Writer. Entrepreneur. Meditator.

Hungry for Wine is maintained by Cathy Huyghe, wine writer for Forbes.com and author of Hungry for Wine: Seeing the World through the Lens of a Wine Glass.

How to Reboot, One Sip at a Time

I am in the practice of putting wine in context.

It involves looking up and looking out, and seeing the many (many) hands that worked to bring a bottle of wine to the table.

It is what I do, and what I enjoy.

These past few weeks, however, there’s been a problem.

These past few weeks, the context of wine – the news of the world that I normally derive so much energy and inspiration from – has become a bit exhausting, a bit overwhelming, and a bit too much for me to take in.

This will pass, I’m sure.

I am away from home. I have been away from home for too long. I am untethered, disoriented, and tired.

I will be home soon. I’ll rest and reboot and return to what is almost always most compelling for me about wine.

In the meantime…

Can I come back to just the wine, in and of itself?

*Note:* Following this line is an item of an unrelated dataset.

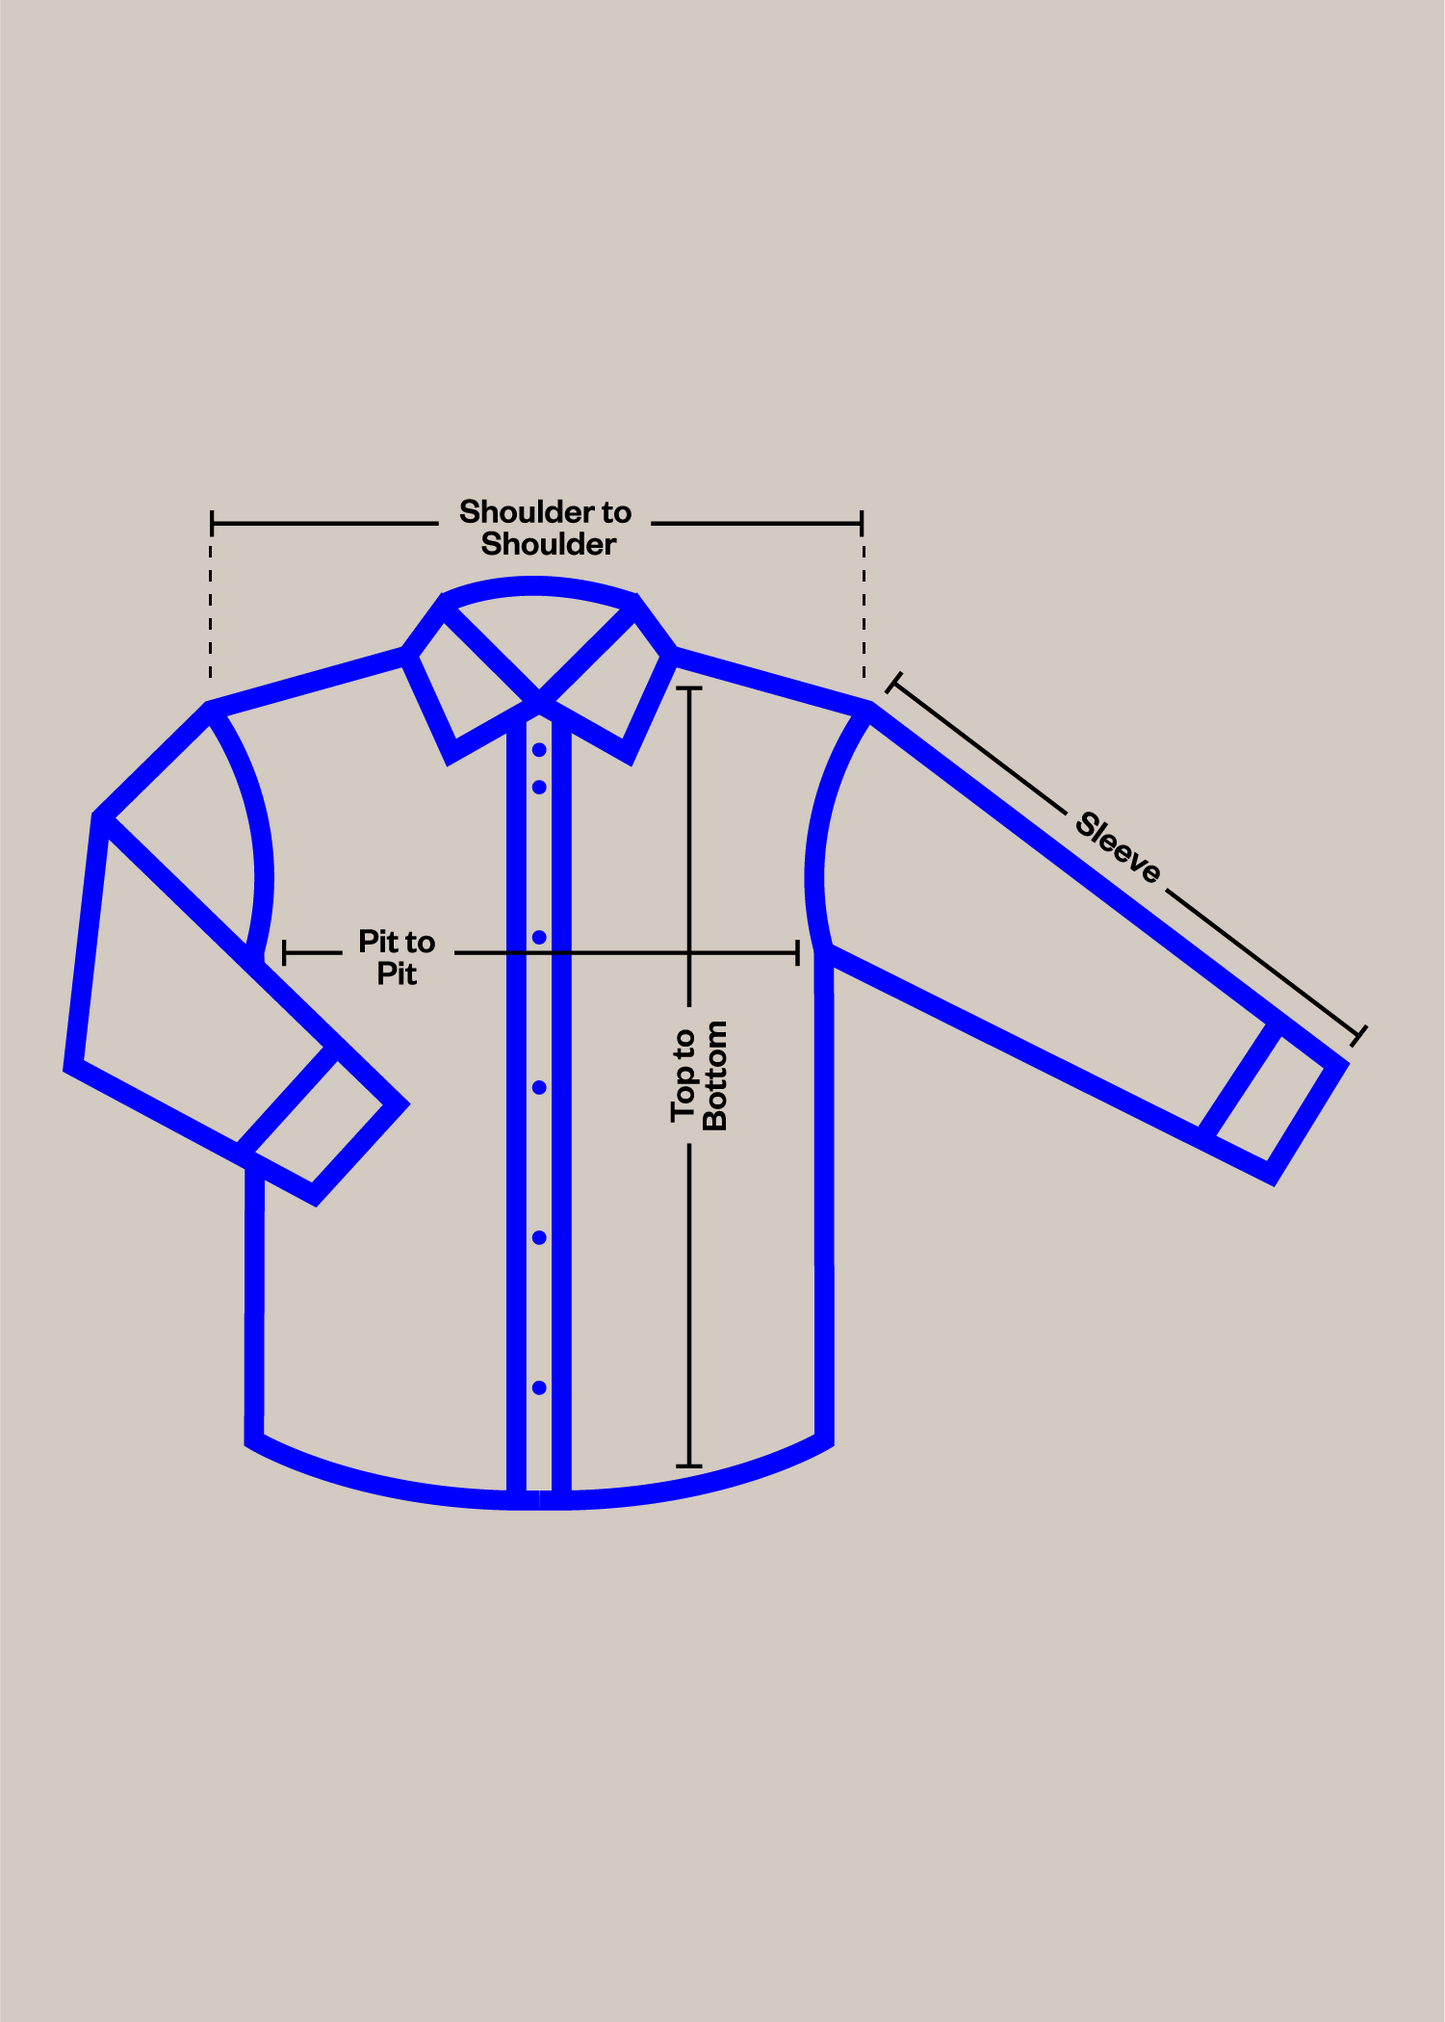 1980s Wool Handmade Flannel Button Up Shirt Size M/L

Can I come back to the pleasure of wine, for wine’s sake?

Just me, and the glass.

Is that enough?

At the moment I’m not sure, because most normal things aren’t normal right now.

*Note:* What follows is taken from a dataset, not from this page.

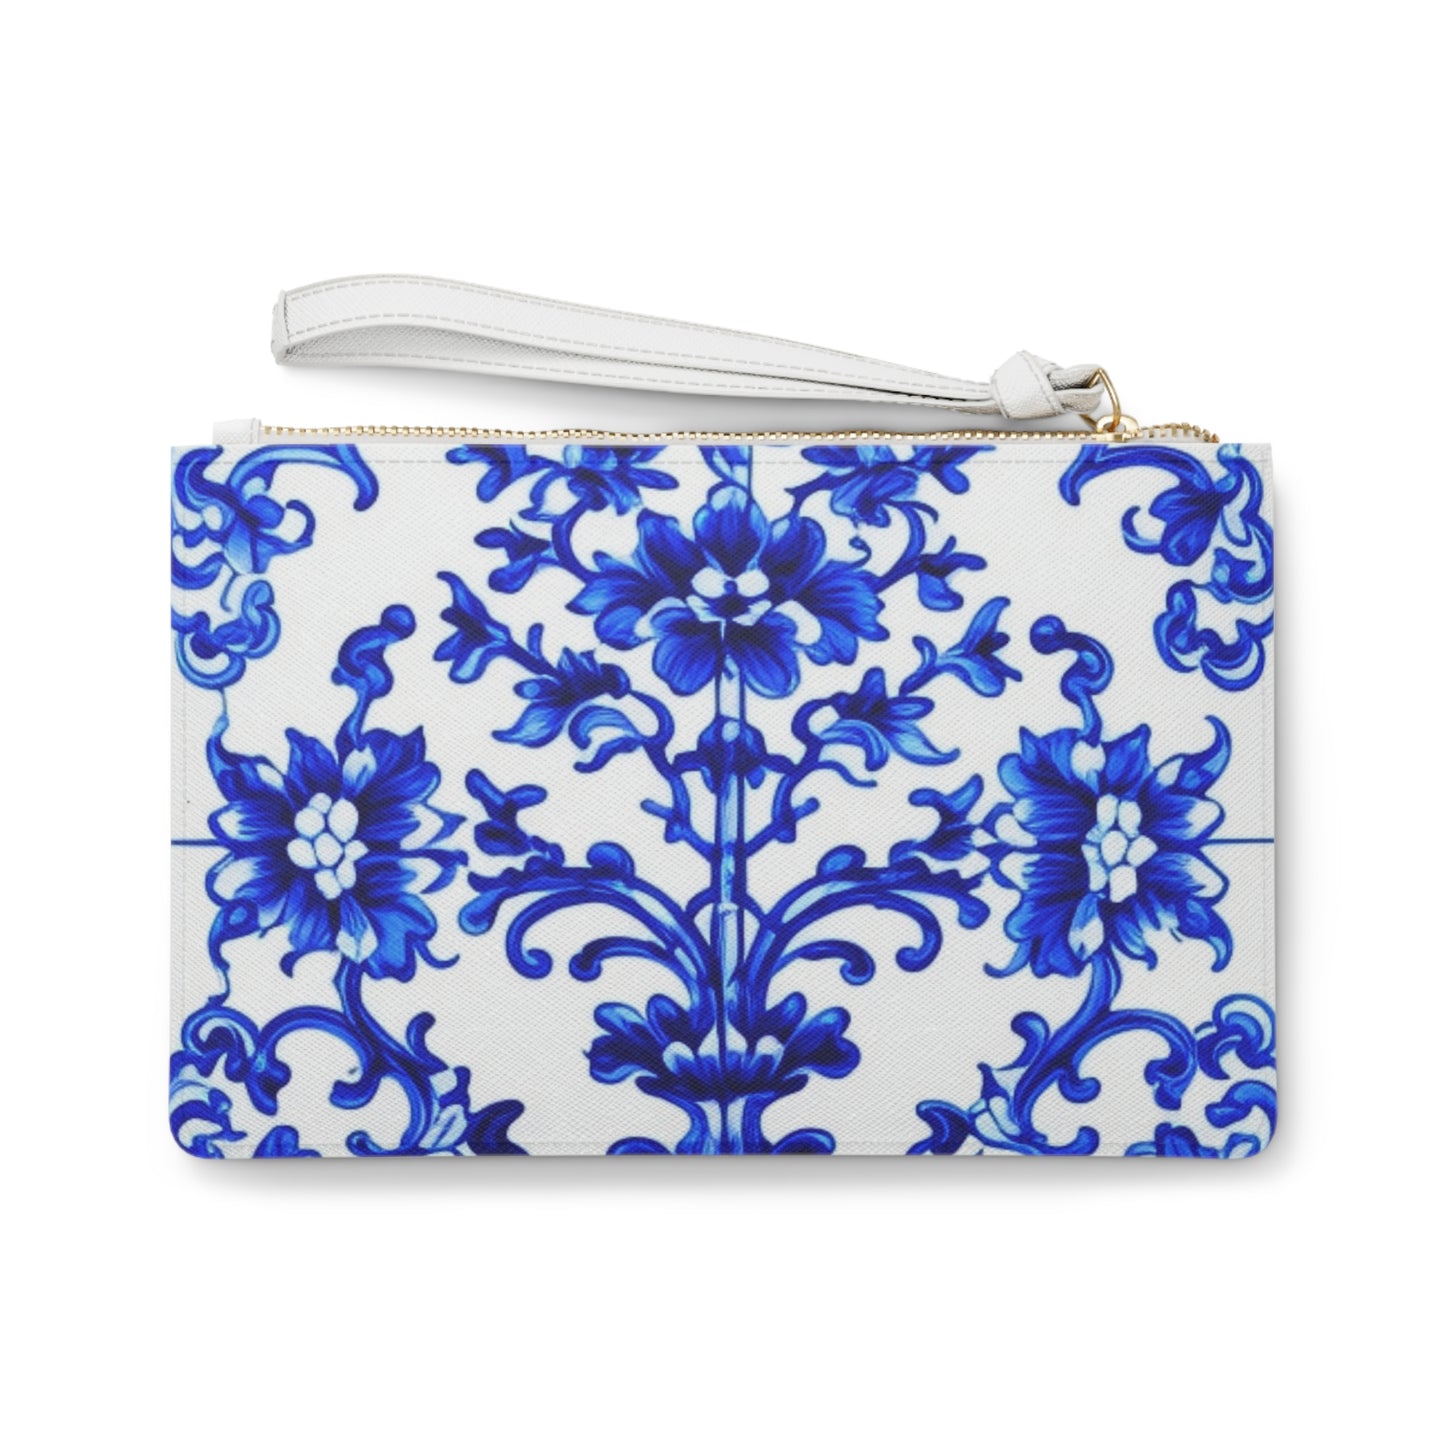 Portuguese Blue and White Tile Pattern Errands Makeup Evening Pouch Clutch Bag

Normally I find the news compelling. These days I am fearful of it.

Normally I rely on my body’s strength and flexibility. These days I feel betrayed by it.

Normally I can find quiet, wherever I am. These days the jitters at the edges of my mind are relentless. And noisy.

Normally I love to travel, to step into another place and another way of living.

But right now I am craving the stability rather than the whirl. I crave my own bed rather than a hotel’s even when that hotel is lovely beyond lovely. I crave home.

By now I should know how to maintain my stability while on the road. Regular exercise. Regular periods of meditation. Regular practice of writing. Upkeep of correspondence. Time dedicated to the big projects as well as the daily commitments.

There are more fractures than seams, and more gaps than fill.

I am spent.

There is one way I know that helps in a situation like this: to do the thing that is in front of me to do.

Only that.

If that thing is a glass of wine, it is only that glass of wine.

What will rejuvenate me in a time like this is, ironically, taking that narrow and focused view that is so opposite of what I normally take.

Just me, and the glass of wine.

Will it work?

I believe it will. Either way, I'll report back.